I'm relatively new to Scrapy, Python and object-oriented programming so apologies if I get any terminology incorrect or am unclear in any way.

I'm trying to write a spider that, as it scrapes items from a response, will also create a modified version of the response to save to file. For example, I'm trying to alter 'src' links to point to scraped files saved locally.

Currently, I'm scraping data using Scrapy's selectors and modifying the response using lxml. However, I want to use Scrapy's methods to do the modifications instead of lxml as using both Scrapy selectors and lxml means essentially doubling code to locate the same elements in a response.

I've added some code below to illustrate my point. Everything occurs in the spider parse function.
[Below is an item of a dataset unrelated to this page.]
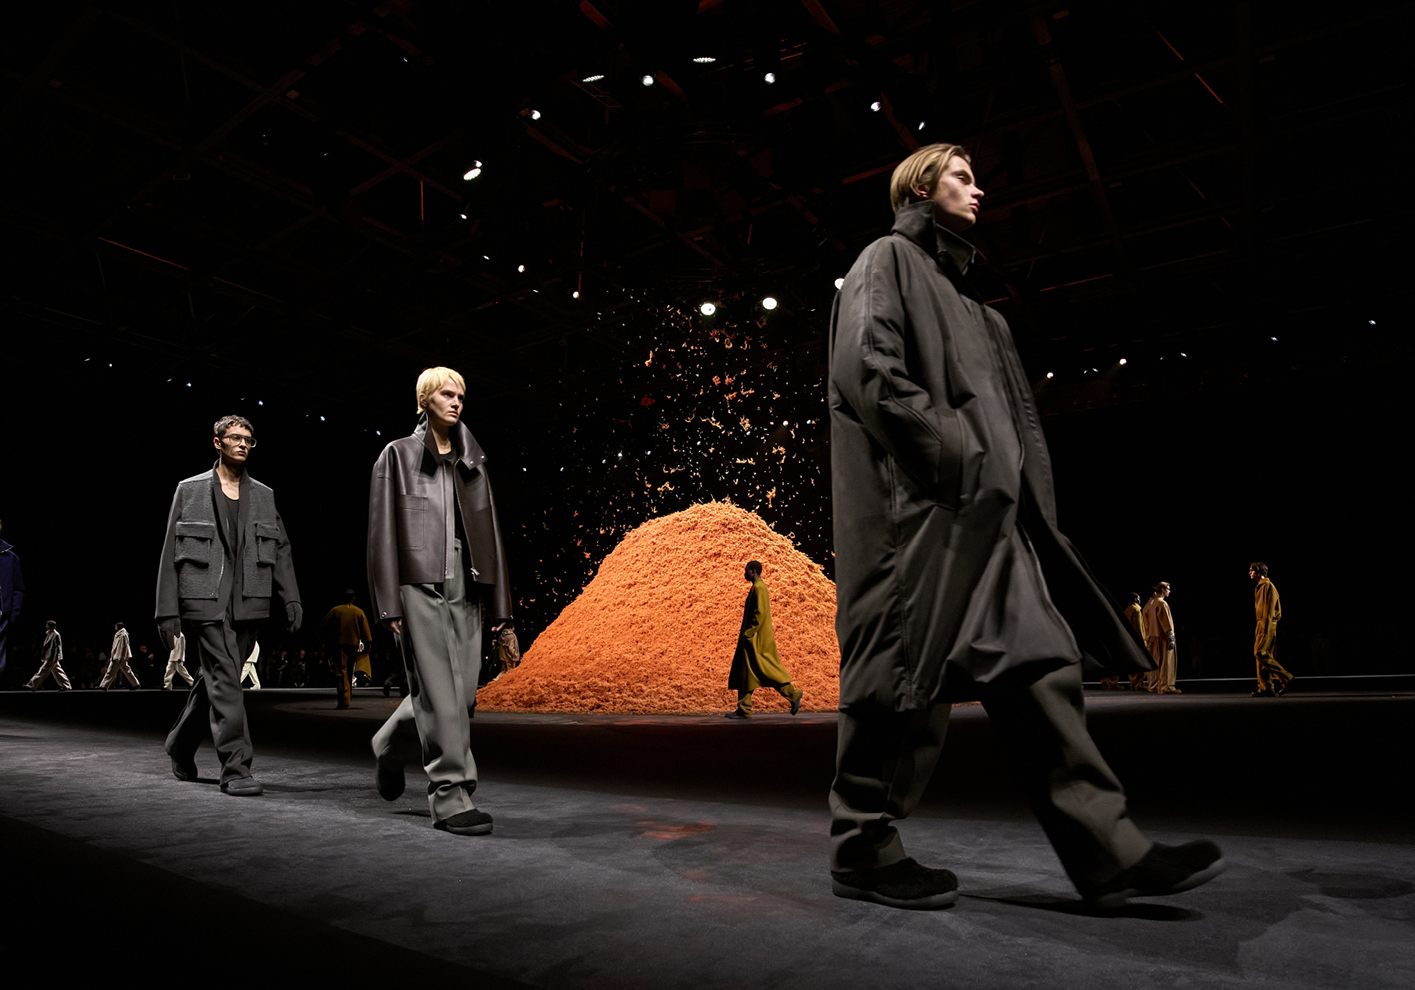 A snowfall of cashmere in Zegna’s signature vicuna hue formed a mountain at the centre of the catwalk space

def parse(self, response):

    # Scrape thumbnail URLs using Scrapy selectors
    for post in response.css('.post'): # For each post
        for thumb in post.css('.thumb'): # For each thumbnail
            item = Item() # Create an image item
            item['thumbnail_url'] = []
            item['thumbnail_savepath'] = []
            for x in thumb.xpath('img/@src').extract():
                thumbnail_url = 'https:' + x
                thumbnail_filename = re.search('.*/(.*)', thumbnail_url).group(1)
                thumbnail_savepath = 'thumbnails/' + thumbnail_filename
                item['thumbnail_url'] += [thumbnail_url]
                item['thumbnail_savepath'] += [thumbnail_savepath]

    # Make modified html using lxml
    body_lxml = lxml.html.document_fromstring(response.body)
    for thumbnail in body_lxml.xpath('//img'):
        thumbnail_src = thumbnail.get('src') # Original link address
        thumbnail_path = './thumbnails/' + basename(thumbnail_src) # New link address
        thumbnail.set('src',image_path) # Setting new link address

As the code shows, it iterates through the images to scrape the items using Scrapy selectors, then iterates a second time using lxml for modifying the response. I have to use two different methods to loop over the same elements, which I'm trying to avoid. I'd like to do the scraping and modification in the same for loop if possible.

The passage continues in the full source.